И в Америке, и в Советском Союзе того времени преобладающий вид противоправных деяний уличных группировок — воровство, мошенничество, рэкет, хулиганство. По сообщению Куфаева, в СССР с 1923 по 1927 г. доля имущественных преступлений несовершеннолетних — примерно 70%[5-118]
, в подавляющем большинстве — кражи вещей, денег, продуктов. Почти пятая часть правонарушений российских несовершеннолетних в 1927 г. — хулиганство: «пение нецензурных песен, ругательство, шалости на улицах, натравливание собак на прохожих, подставление ног, драки, избиение прохожих, битье стекол, срывание афиш, флагов, отрезание кос у женщин, хвостов и грив у лошадей, приклеивание карикатурных изображений на спины проходящих, вымазывание дегтем ворот, выкрикивание во время действия в театре, в кино»[5-119]. Буквально эти «забавы» Трэшер не называет, но вероятность чего-то подобного в каких-либо из 1100 обследованных им на основе полицейских протоколов банд не исключена.Поскольку и отечественные, и зарубежные молодежные уличные группировки конца 1920-х гг. находились в перманентном конфликте с правоохранительными органами и друг с другом, кодекс поведения был схож: «защищай «своих», не церемонься с чужими, не выдавай товарища, не отставай от компании, соблюдай правила игры»[5-120]
. Не исключено, Первая мировая и Гражданская войны обусловили несколько больший процент круглых сирот среди участников «наших» формирований. Среди детей и подростков, привлекавшихся в комиссии по делам несовершеннолетних в 1927 г. в РСФСР, 19,1% — круглые сироты, более 30% — полусироты[5-121]. Для них, по справедливой оценке Н. П. Белецкой, «стимулом к образованию коллектива было не бегство из неблагоприятной семейной обстановки, не избыток свободного времени, не жажда деятельности и новых впечатлений, а настойчивая необходимость самосохранения и взаимопомощи»[5-122].Чем объясняется несомненное сходство структуры и динамики уличных группировок молодых людей, самопроизвольно возникающих в городских конгломератах радикально различных социальных систем? Свидетельства подобного сходства содержатся и в несколько позже выполненном знаменитом исследовании У. Уайта «Общества уличных углов»[5-123]
. Проанализировав лидерство, иерархию участников и содержание деятельности подобных обществ в итальянской колонии Бостона начала 1940-х гг., Уайт, в частности, выявил особенность, «которую множество последующих подтверждений сделали банальной: члены этих уличных банд мало интересуются делами семьи и собственной профессиональной карьеры; это бездельники, пытающиеся вместе убить время, люди, скучающие без цели, для которых группа, приносящая совместное удовольствие, сама по себе является целью»[5-124]. Вспомнив харьковских хулиганов, обрезающих лошадиные гривы и хвосты, комментарий видных французских специалистов можно распространить и на них.Итак, искомая причина подобия существующих в принципиально разных политических, экономических, культурных и пр. контекстах группировок — антиобщественный характер жизнедеятельности, диктующий сходный свод правил поведения и взаимоотношений? «Да здравствует ситуация!» — воскликнули бы авторы известного социально-психологического труда[5-125]

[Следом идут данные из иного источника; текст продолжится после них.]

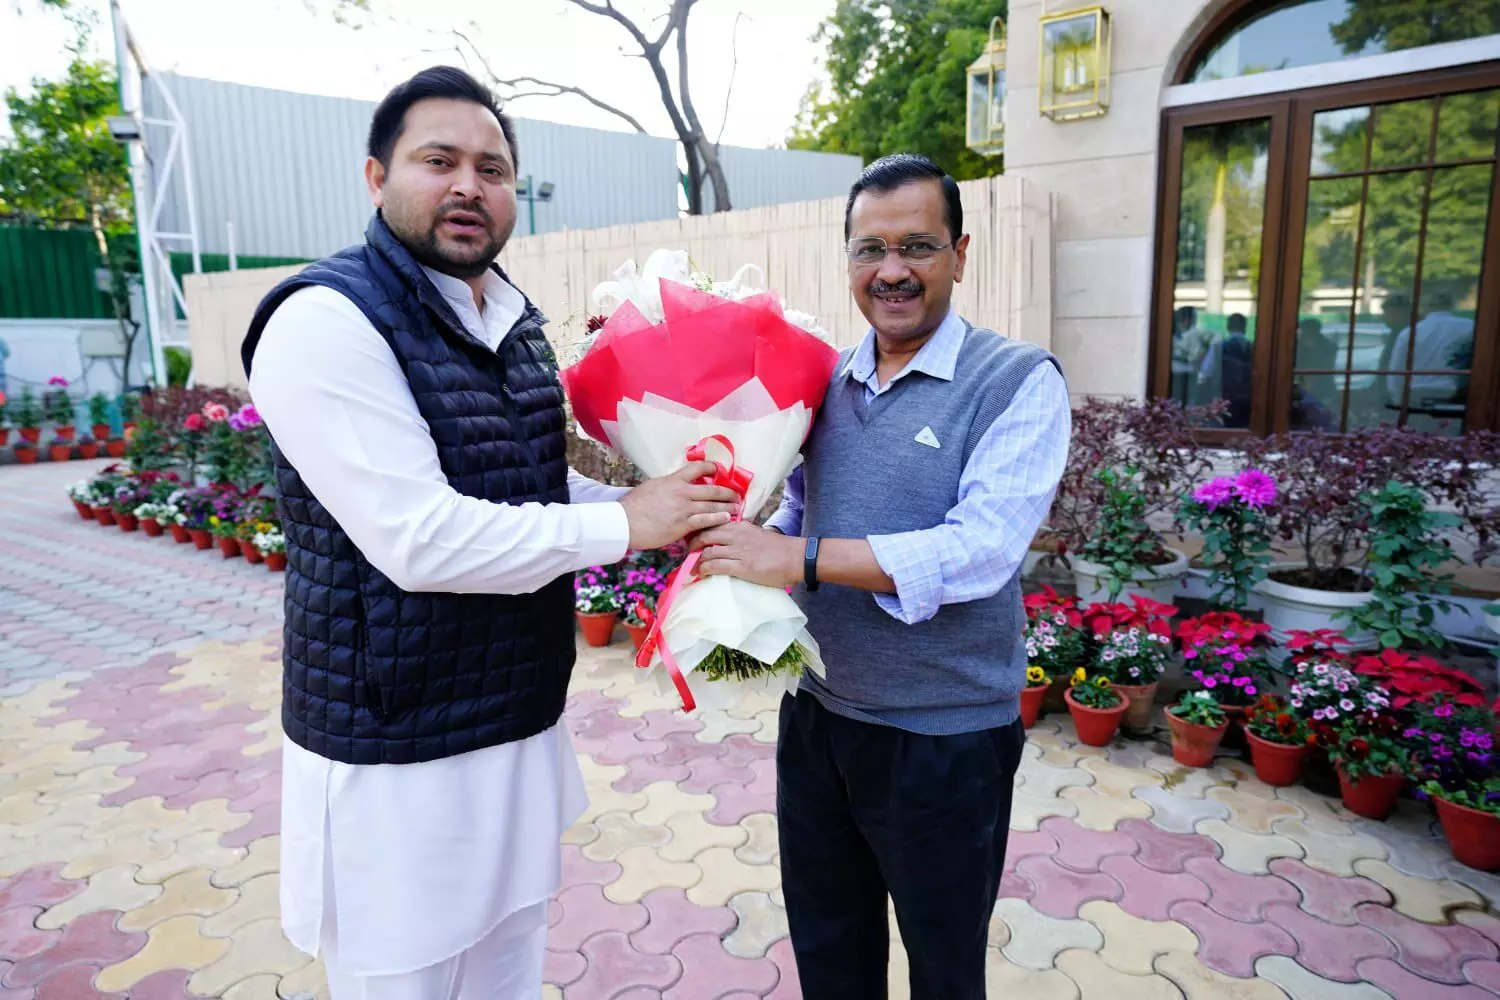 RJD नेता तेजस्वी यादव ने दिल्ली में CM केजरीवाल से की मुलाकात, जनता ने कसा तंज कहा- चोर चोर मौसेरे भाई
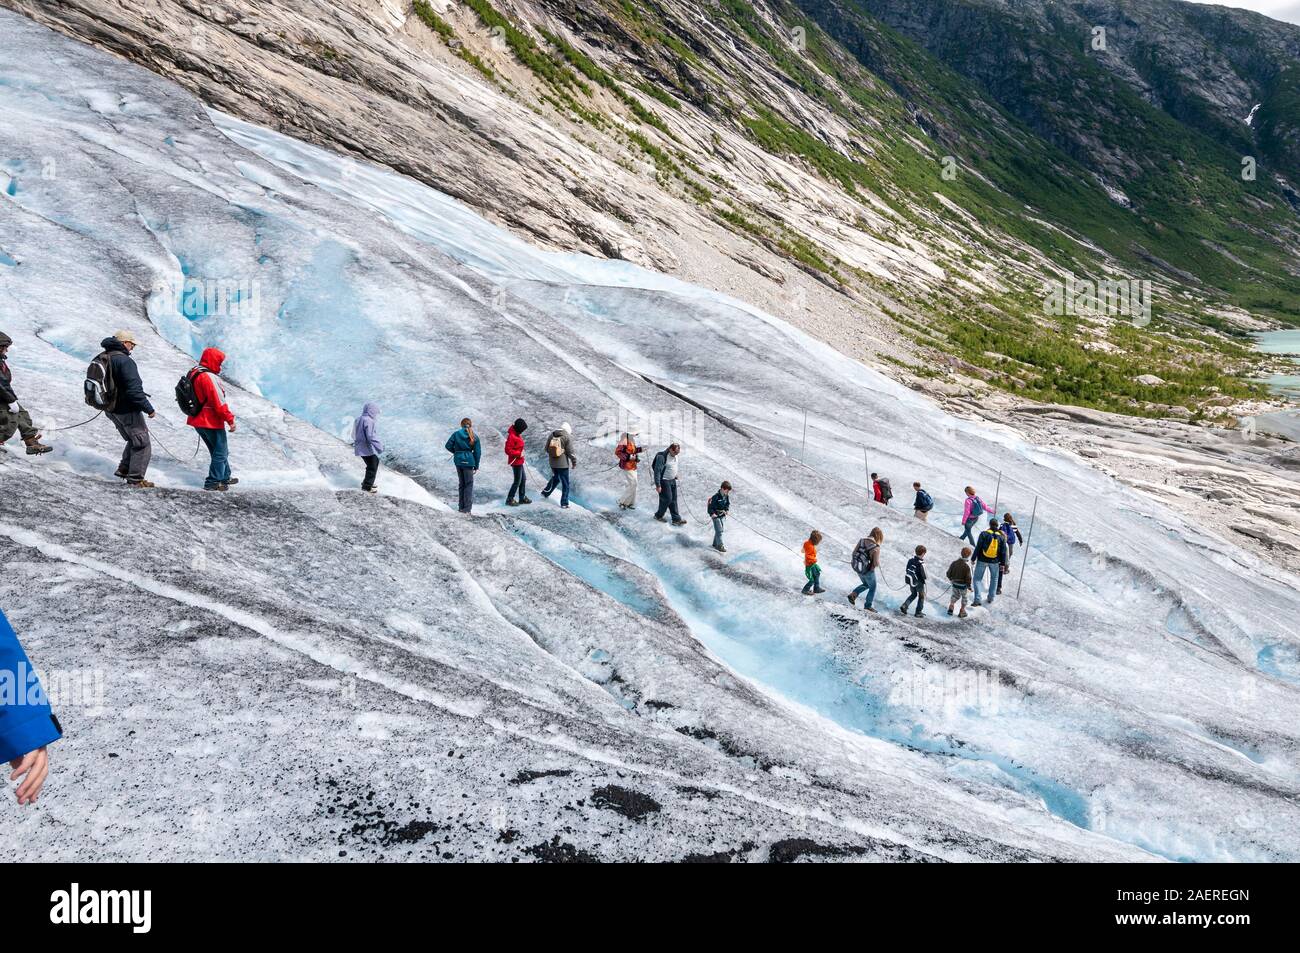 Gletscherwanderung, geführte Tour, Touren, Touristen, Wanderer, Seil, Steigeisen, gletscherzunge Nigardsbre, Norwegen Stockfoto

. Или дело в особенностях возраста, сыгравших решающую роль в аналогии способов жизни сообща? Или дело не в возрасте, а в генетически запрограммированных сценариях совместной жизни особей одного вида, обнажившихся в условиях непрекращающегося противостояния конкретной общности с социальным окружением? Не случайно авторитетный отечественный педагог с медицинским образованием Ефим Аронович Аркин (1873—1948) в том же 1927 г. констатирует: «Детский коллектив остается для нас сфинксом, которого мы не только не разгадали, но, что удивительней всего, над разгадкой которого мы и не трудились»[5-126]. И подчеркивает, определяя коллектив: «Не следует стремиться к какой-то абсолютной, всеобъемлющей истине: таковой нет, да она и не нужна. Самое важное... чтобы определение стояло ближе к живой действительности»[5-127]. Образец, что примечательно, Аркин видит в «детской вольнице» — свободных самоорганизующихся сообществах детей улицы, коллективах беспризорных. Их изучение, по мысли автора, в «чистом» виде позволит проследить самопроизвольную эволюцию, этапы развития детских групп, к коим он относил зарождение, возникновение группировок, расцвет, характеризующийся полнотой коллективной жизни, и увядание, разрушение[5-128].